[DESCRIPTION OF THE TASK] To complete this task, print all the data below exactly but leave out the images.

[DATA PROVIDED]
______
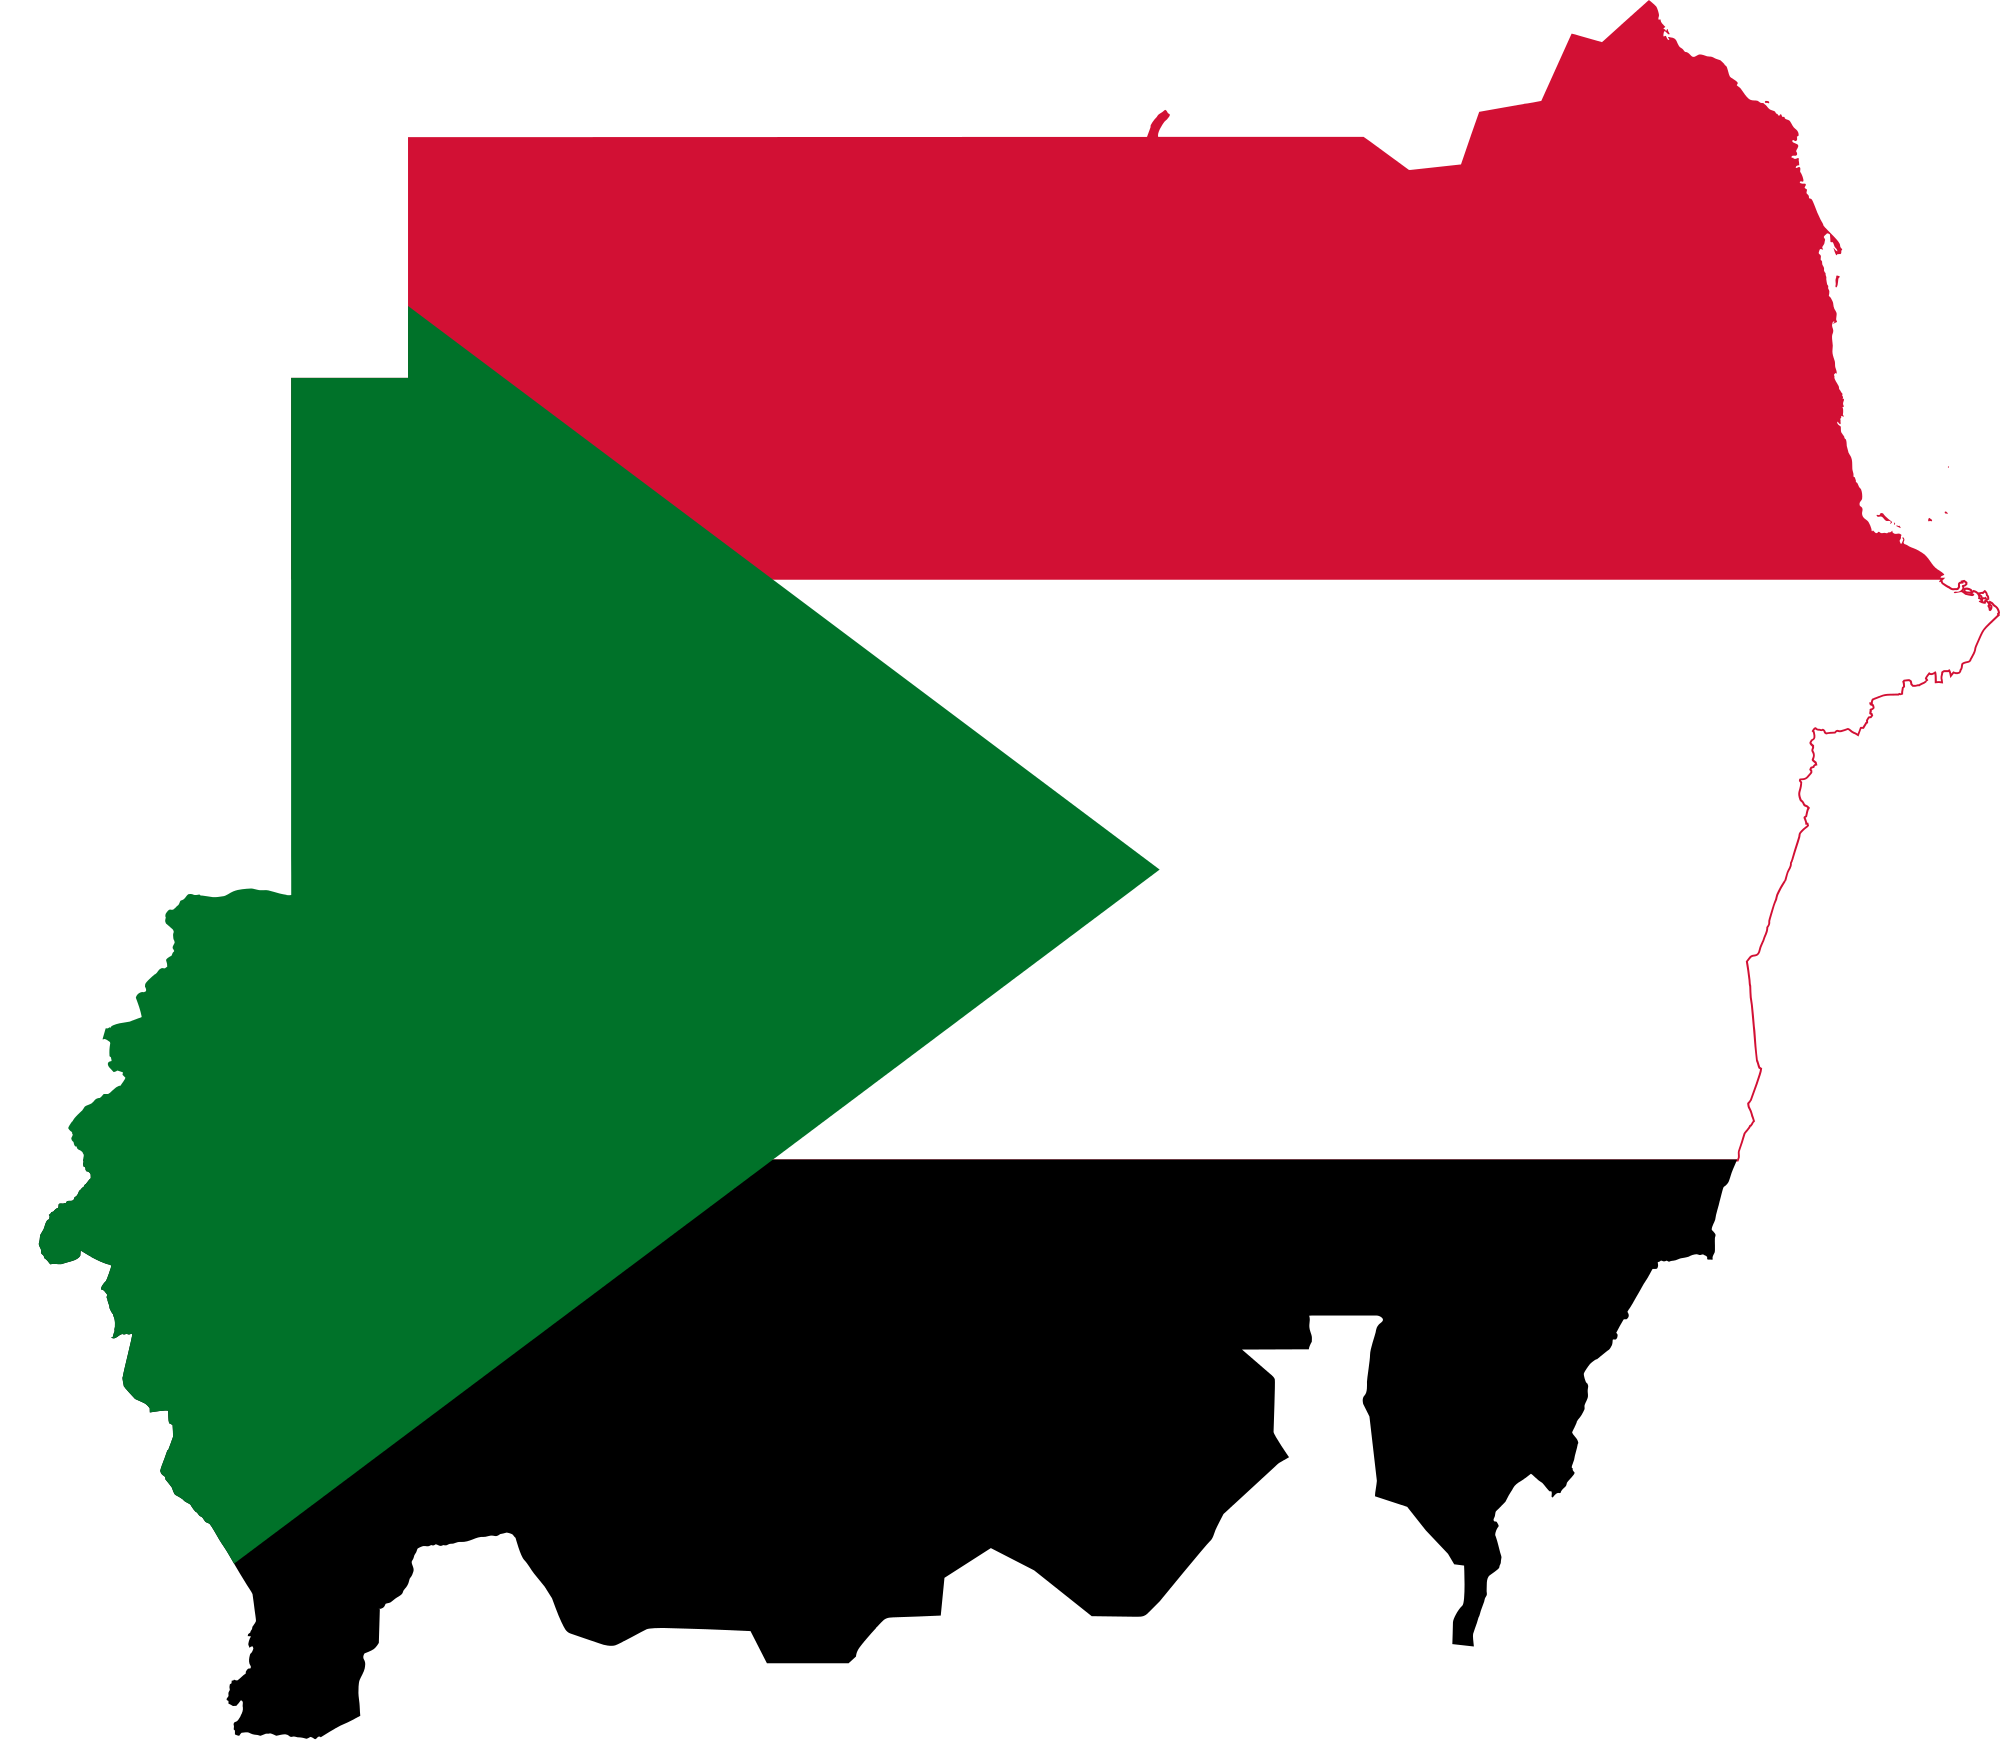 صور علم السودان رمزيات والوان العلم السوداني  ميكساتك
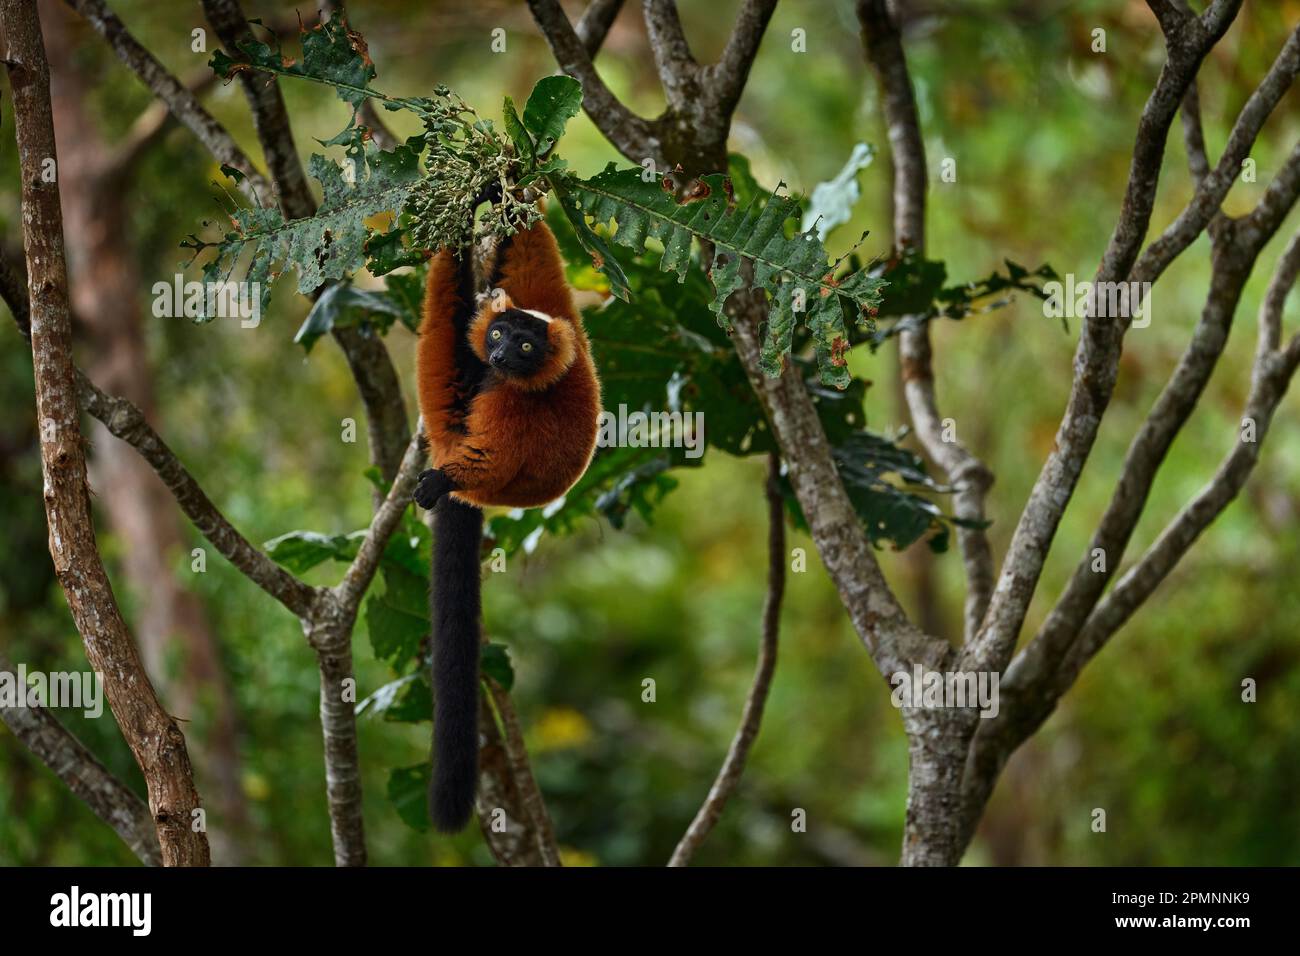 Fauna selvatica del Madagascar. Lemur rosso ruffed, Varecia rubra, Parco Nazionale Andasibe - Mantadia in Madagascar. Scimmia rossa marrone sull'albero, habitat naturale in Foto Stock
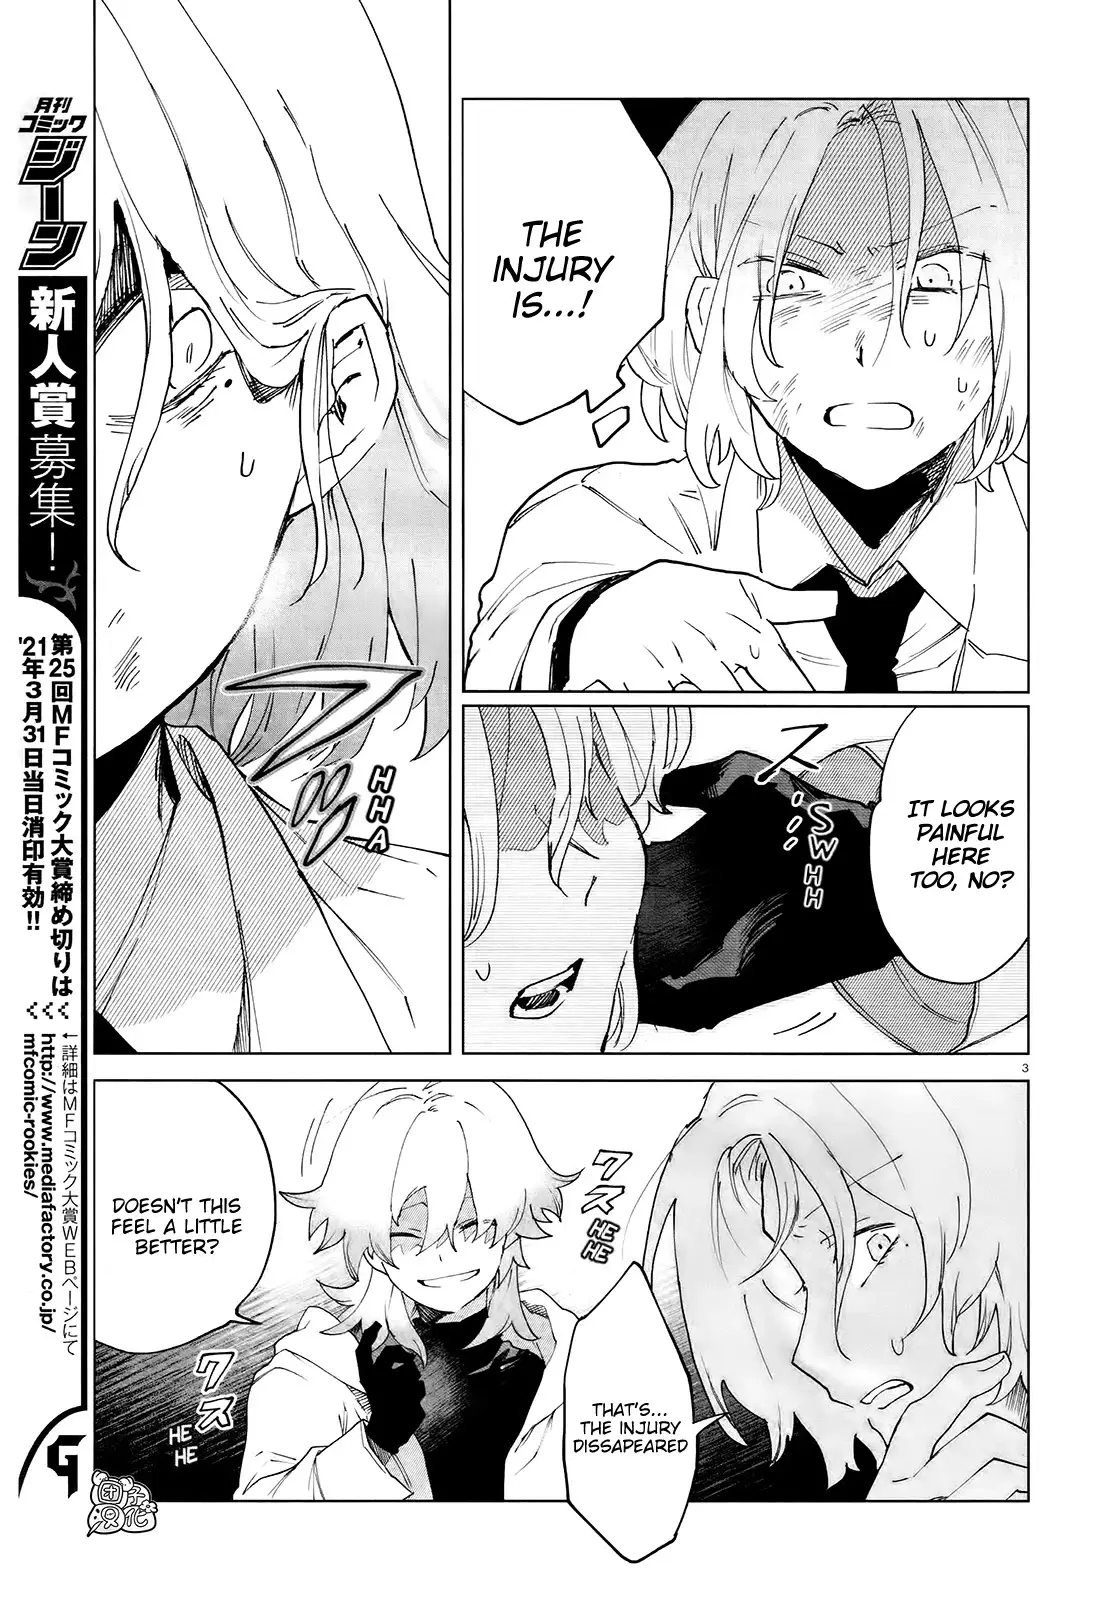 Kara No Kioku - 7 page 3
______
[RESULT OF THIS TASK]
 صور علم السودان رمزيات والوان العلم السوداني  ميكساتك
 Fauna selvatica del Madagascar. Lemur rosso ruffed, Varecia rubra, Parco Nazionale Andasibe - Mantadia in Madagascar. Scimmia rossa marrone sull'albero, habitat naturale in Foto Stock
 Kara No Kioku - 7 page 3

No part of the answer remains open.